[AVAILABLE DATA]:

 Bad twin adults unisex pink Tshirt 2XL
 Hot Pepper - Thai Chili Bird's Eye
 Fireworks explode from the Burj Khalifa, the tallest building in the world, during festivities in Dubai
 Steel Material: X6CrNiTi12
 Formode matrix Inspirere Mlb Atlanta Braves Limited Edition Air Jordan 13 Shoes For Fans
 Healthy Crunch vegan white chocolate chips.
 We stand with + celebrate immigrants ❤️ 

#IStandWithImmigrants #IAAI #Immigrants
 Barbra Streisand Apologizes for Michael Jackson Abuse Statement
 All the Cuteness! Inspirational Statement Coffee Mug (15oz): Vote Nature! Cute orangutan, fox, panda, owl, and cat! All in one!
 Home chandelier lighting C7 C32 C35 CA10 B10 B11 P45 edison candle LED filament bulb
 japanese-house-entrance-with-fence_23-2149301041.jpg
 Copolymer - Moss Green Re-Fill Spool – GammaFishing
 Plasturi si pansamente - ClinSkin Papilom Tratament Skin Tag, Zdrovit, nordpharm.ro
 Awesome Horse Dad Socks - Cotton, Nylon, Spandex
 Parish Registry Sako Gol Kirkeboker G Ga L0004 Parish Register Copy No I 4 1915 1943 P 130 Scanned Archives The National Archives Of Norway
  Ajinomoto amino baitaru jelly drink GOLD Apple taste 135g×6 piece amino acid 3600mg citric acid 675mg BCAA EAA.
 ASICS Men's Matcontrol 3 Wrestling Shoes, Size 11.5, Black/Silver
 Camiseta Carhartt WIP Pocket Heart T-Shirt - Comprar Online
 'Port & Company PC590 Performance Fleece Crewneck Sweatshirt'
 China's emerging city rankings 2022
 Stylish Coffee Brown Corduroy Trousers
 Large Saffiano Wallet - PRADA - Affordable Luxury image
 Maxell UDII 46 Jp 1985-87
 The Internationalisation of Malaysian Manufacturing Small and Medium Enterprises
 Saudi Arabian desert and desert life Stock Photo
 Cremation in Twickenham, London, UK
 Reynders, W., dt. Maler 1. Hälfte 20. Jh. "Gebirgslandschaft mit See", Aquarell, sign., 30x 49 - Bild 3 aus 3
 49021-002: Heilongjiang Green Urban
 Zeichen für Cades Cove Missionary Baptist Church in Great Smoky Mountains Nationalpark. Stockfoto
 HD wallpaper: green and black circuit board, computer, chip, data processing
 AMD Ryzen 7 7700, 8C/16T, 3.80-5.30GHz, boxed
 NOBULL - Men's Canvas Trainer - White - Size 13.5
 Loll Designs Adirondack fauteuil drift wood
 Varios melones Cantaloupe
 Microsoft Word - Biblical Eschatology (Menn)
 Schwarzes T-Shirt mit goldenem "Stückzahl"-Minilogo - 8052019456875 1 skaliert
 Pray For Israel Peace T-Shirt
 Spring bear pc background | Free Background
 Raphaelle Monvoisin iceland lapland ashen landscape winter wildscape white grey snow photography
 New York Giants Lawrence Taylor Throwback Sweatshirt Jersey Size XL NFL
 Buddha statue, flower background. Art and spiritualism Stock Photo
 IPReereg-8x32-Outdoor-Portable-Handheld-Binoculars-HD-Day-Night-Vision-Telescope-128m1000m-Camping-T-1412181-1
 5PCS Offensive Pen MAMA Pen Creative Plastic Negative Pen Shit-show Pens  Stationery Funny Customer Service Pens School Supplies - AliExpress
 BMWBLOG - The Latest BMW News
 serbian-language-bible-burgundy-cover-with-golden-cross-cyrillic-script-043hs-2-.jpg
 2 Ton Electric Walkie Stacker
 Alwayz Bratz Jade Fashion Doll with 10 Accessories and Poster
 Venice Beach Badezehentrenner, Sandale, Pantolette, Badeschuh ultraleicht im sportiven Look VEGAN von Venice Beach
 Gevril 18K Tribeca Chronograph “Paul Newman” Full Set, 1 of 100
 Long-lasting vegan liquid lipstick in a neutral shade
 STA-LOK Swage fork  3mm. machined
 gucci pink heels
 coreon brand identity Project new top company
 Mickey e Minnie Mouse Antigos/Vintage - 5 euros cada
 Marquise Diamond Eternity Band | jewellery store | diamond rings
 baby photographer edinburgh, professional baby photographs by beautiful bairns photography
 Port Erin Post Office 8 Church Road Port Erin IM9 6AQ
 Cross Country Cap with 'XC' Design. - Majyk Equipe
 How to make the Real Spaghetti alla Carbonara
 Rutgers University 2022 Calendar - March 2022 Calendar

[WHAT YOU WILL DO]:
You are asked to copy all of the entries above exactly.

[TASK ANSWER]:
 Bad twin adults unisex pink Tshirt 2XL
 Hot Pepper - Thai Chili Bird's Eye
 Fireworks explode from the Burj Khalifa, the tallest building in the world, during festivities in Dubai
 Steel Material: X6CrNiTi12
 Formode matrix Inspirere Mlb Atlanta Braves Limited Edition Air Jordan 13 Shoes For Fans
 Healthy Crunch vegan white chocolate chips.
 We stand with + celebrate immigrants ❤️ 

#IStandWithImmigrants #IAAI #Immigrants
 Barbra Streisand Apologizes for Michael Jackson Abuse Statement
 All the Cuteness! Inspirational Statement Coffee Mug (15oz): Vote Nature! Cute orangutan, fox, panda, owl, and cat! All in one!
 Home chandelier lighting C7 C32 C35 CA10 B10 B11 P45 edison candle LED filament bulb
 japanese-house-entrance-with-fence_23-2149301041.jpg
 Copolymer - Moss Green Re-Fill Spool – GammaFishing
 Plasturi si pansamente - ClinSkin Papilom Tratament Skin Tag, Zdrovit, nordpharm.ro
 Awesome Horse Dad Socks - Cotton, Nylon, Spandex
 Parish Registry Sako Gol Kirkeboker G Ga L0004 Parish Register Copy No I 4 1915 1943 P 130 Scanned Archives The National Archives Of Norway
  Ajinomoto amino baitaru jelly drink GOLD Apple taste 135g×6 piece amino acid 3600mg citric acid 675mg BCAA EAA.
 ASICS Men's Matcontrol 3 Wrestling Shoes, Size 11.5, Black/Silver
 Camiseta Carhartt WIP Pocket Heart T-Shirt - Comprar Online
 'Port & Company PC590 Performance Fleece Crewneck Sweatshirt'
 China's emerging city rankings 2022
 Stylish Coffee Brown Corduroy Trousers
 Large Saffiano Wallet - PRADA - Affordable Luxury image
 Maxell UDII 46 Jp 1985-87
 The Internationalisation of Malaysian Manufacturing Small and Medium Enterprises
 Saudi Arabian desert and desert life Stock Photo
 Cremation in Twickenham, London, UK
 Reynders, W., dt. Maler 1. Hälfte 20. Jh. "Gebirgslandschaft mit See", Aquarell, sign., 30x 49 - Bild 3 aus 3
 49021-002: Heilongjiang Green Urban
 Zeichen für Cades Cove Missionary Baptist Church in Great Smoky Mountains Nationalpark. Stockfoto
 HD wallpaper: green and black circuit board, computer, chip, data processing
 AMD Ryzen 7 7700, 8C/16T, 3.80-5.30GHz, boxed
 NOBULL - Men's Canvas Trainer - White - Size 13.5
 Loll Designs Adirondack fauteuil drift wood
 Varios melones Cantaloupe
 Microsoft Word - Biblical Eschatology (Menn)
 Schwarzes T-Shirt mit goldenem "Stückzahl"-Minilogo - 8052019456875 1 skaliert
 Pray For Israel Peace T-Shirt
 Spring bear pc background | Free Background
 Raphaelle Monvoisin iceland lapland ashen landscape winter wildscape white grey snow photography
 New York Giants Lawrence Taylor Throwback Sweatshirt Jersey Size XL NFL
 Buddha statue, flower background. Art and spiritualism Stock Photo
 IPReereg-8x32-Outdoor-Portable-Handheld-Binoculars-HD-Day-Night-Vision-Telescope-128m1000m-Camping-T-1412181-1
 5PCS Offensive Pen MAMA Pen Creative Plastic Negative Pen Shit-show Pens  Stationery Funny Customer Service Pens School Supplies - AliExpress
 BMWBLOG - The Latest BMW News
 serbian-language-bible-burgundy-cover-with-golden-cross-cyrillic-script-043hs-2-.jpg
 2 Ton Electric Walkie Stacker
 Alwayz Bratz Jade Fashion Doll with 10 Accessories and Poster
 Venice Beach Badezehentrenner, Sandale, Pantolette, Badeschuh ultraleicht im sportiven Look VEGAN von Venice Beach
 Gevril 18K Tribeca Chronograph “Paul Newman” Full Set, 1 of 100
 Long-lasting vegan liquid lipstick in a neutral shade
 STA-LOK Swage fork  3mm. machined
 gucci pink heels
 coreon brand identity Project new top company
 Mickey e Minnie Mouse Antigos/Vintage - 5 euros cada
 Marquise Diamond Eternity Band | jewellery store | diamond rings
 baby photographer edinburgh, professional baby photographs by beautiful bairns photography
 Port Erin Post Office 8 Church Road Port Erin IM9 6AQ
 Cross Country Cap with 'XC' Design. - Majyk Equipe
 How to make the Real Spaghetti alla Carbonara
 Rutgers University 2022 Calendar - March 2022 Calendar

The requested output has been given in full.